- TASK ITEM -
Wherever an image appears in the data, omit it and copy all the remaining text word for word.

- DATA EXTRACT -

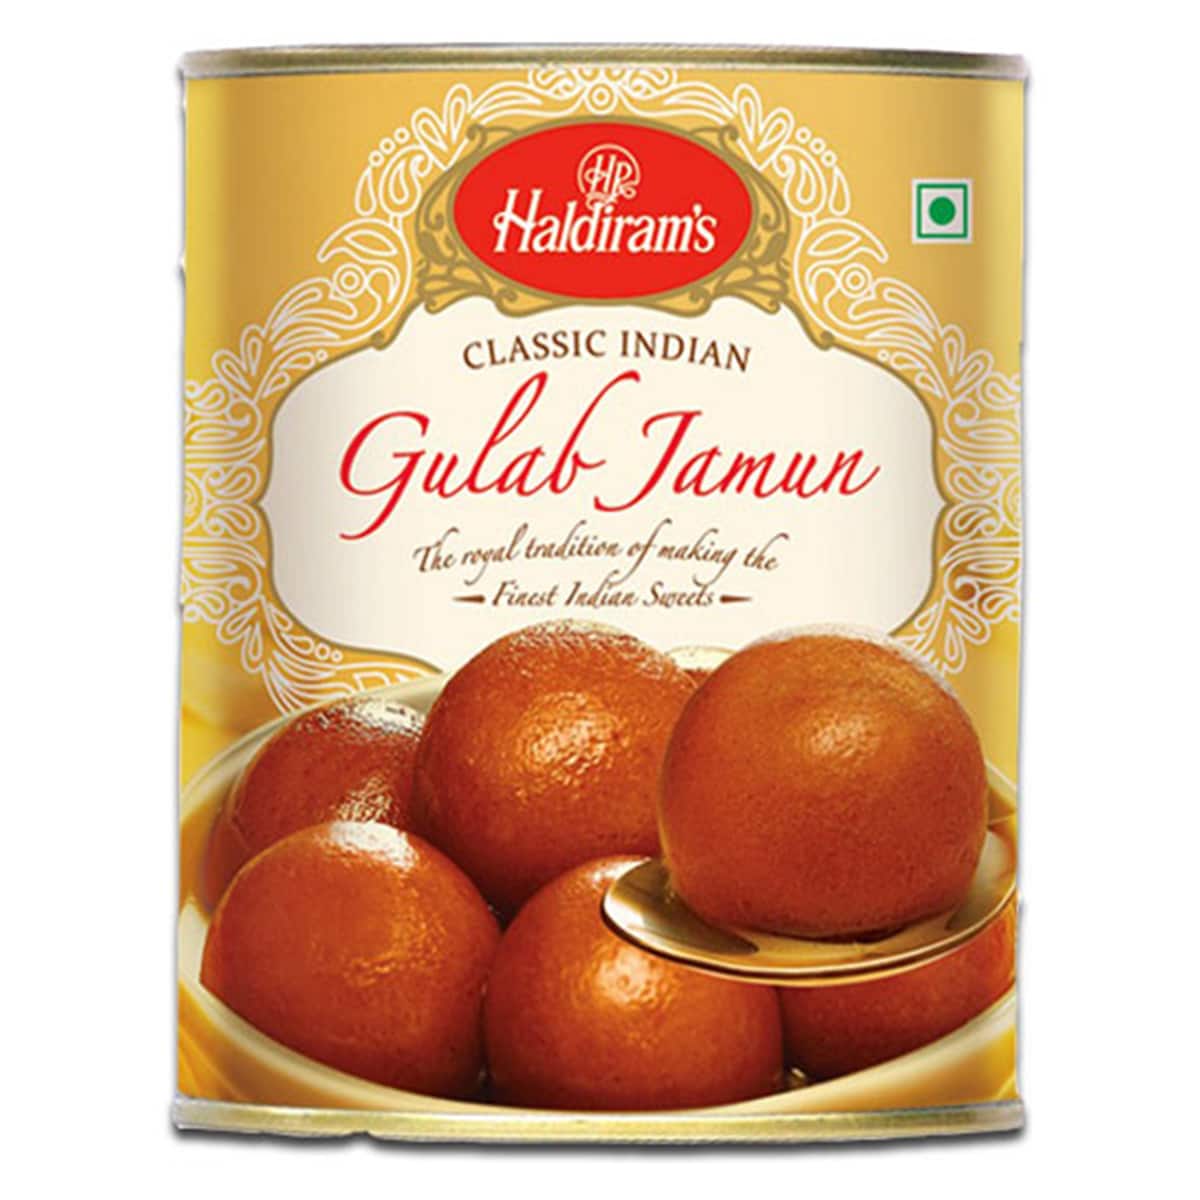 Buy Haldirams Gulab Jamun - 1 kg
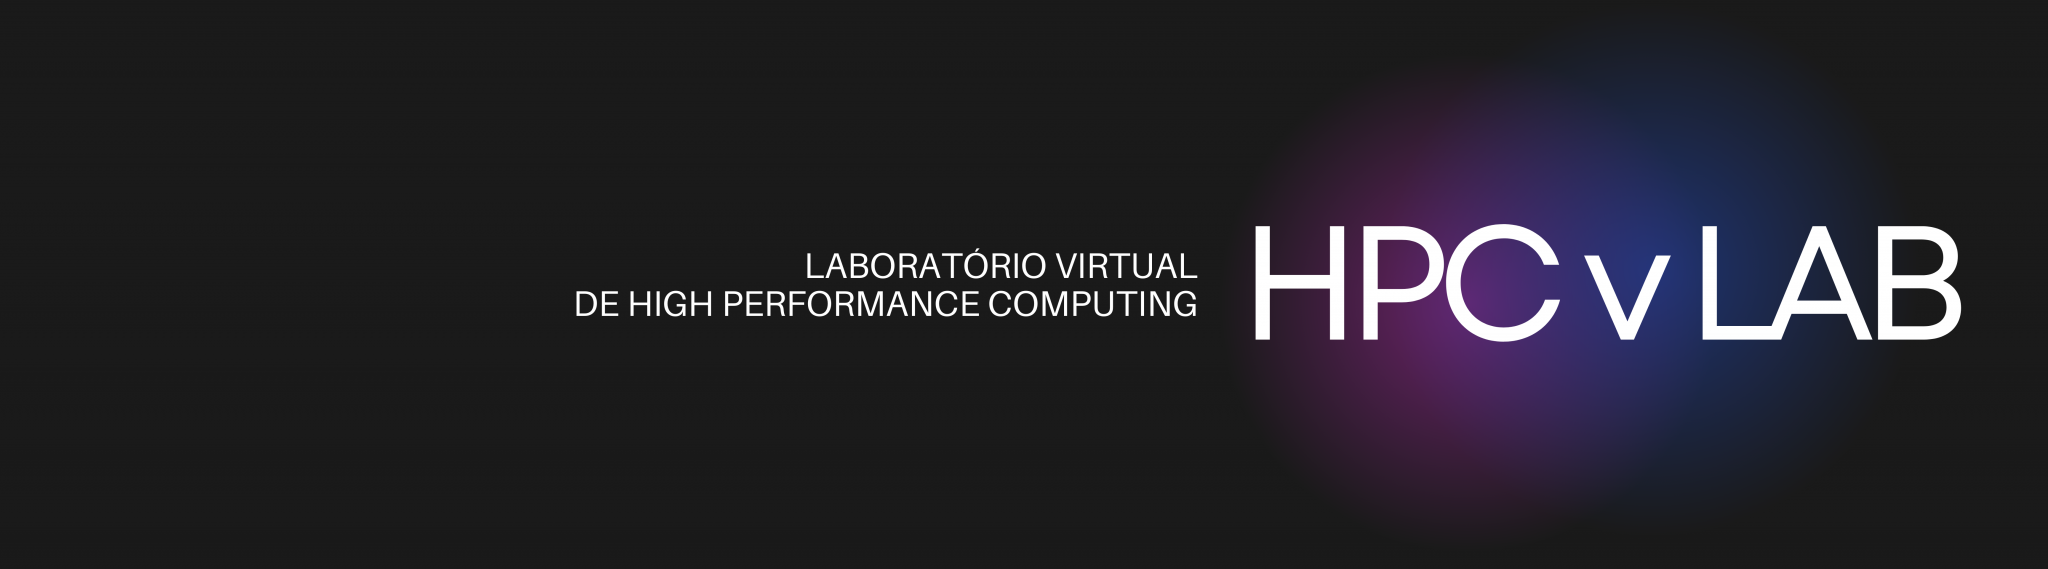 Imagem alusiva ao Laboratório Virtual de High Performance Computing - HPCvLAB
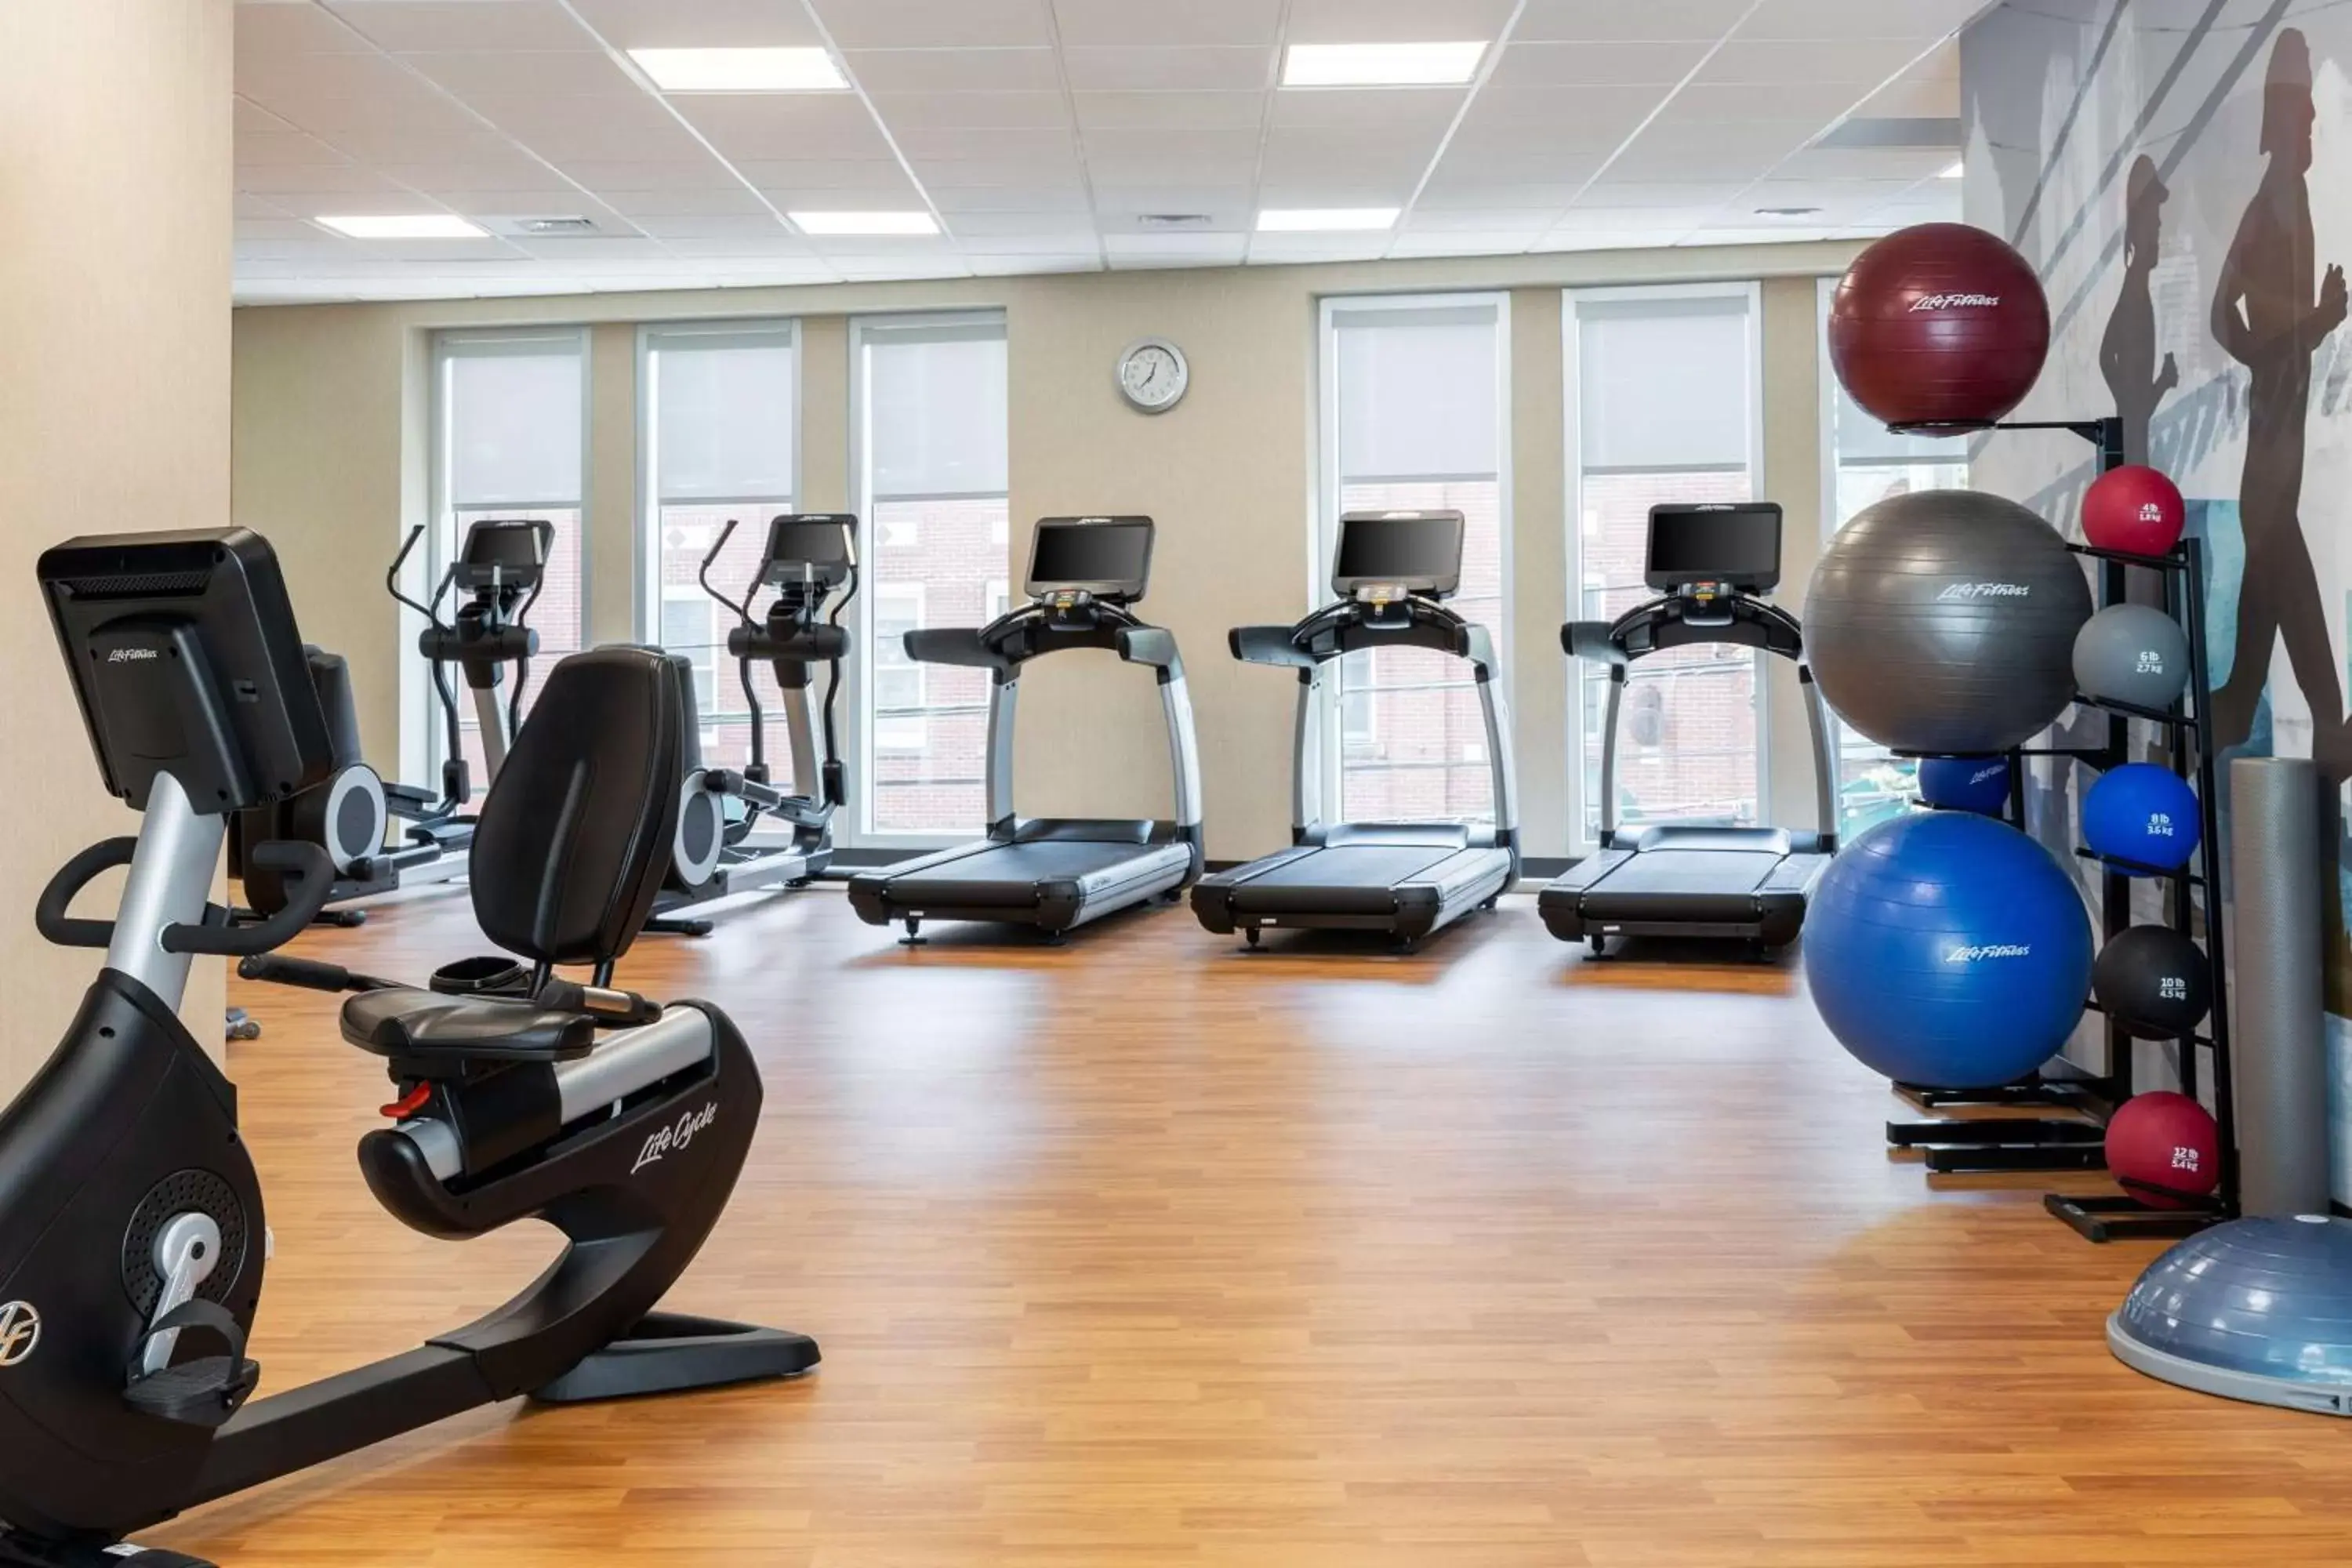 Fitness centre/facilities, Fitness Center/Facilities in Hyatt Place Atlanta Centennial Park

- SOLUTION TO THIS EXERCISE -
 Buy Haldirams Gulab Jamun - 1 kg
 Imagem alusiva ao Laboratório Virtual de High Performance Computing - HPCvLAB
 Fitness centre/facilities, Fitness Center/Facilities in Hyatt Place Atlanta Centennial Park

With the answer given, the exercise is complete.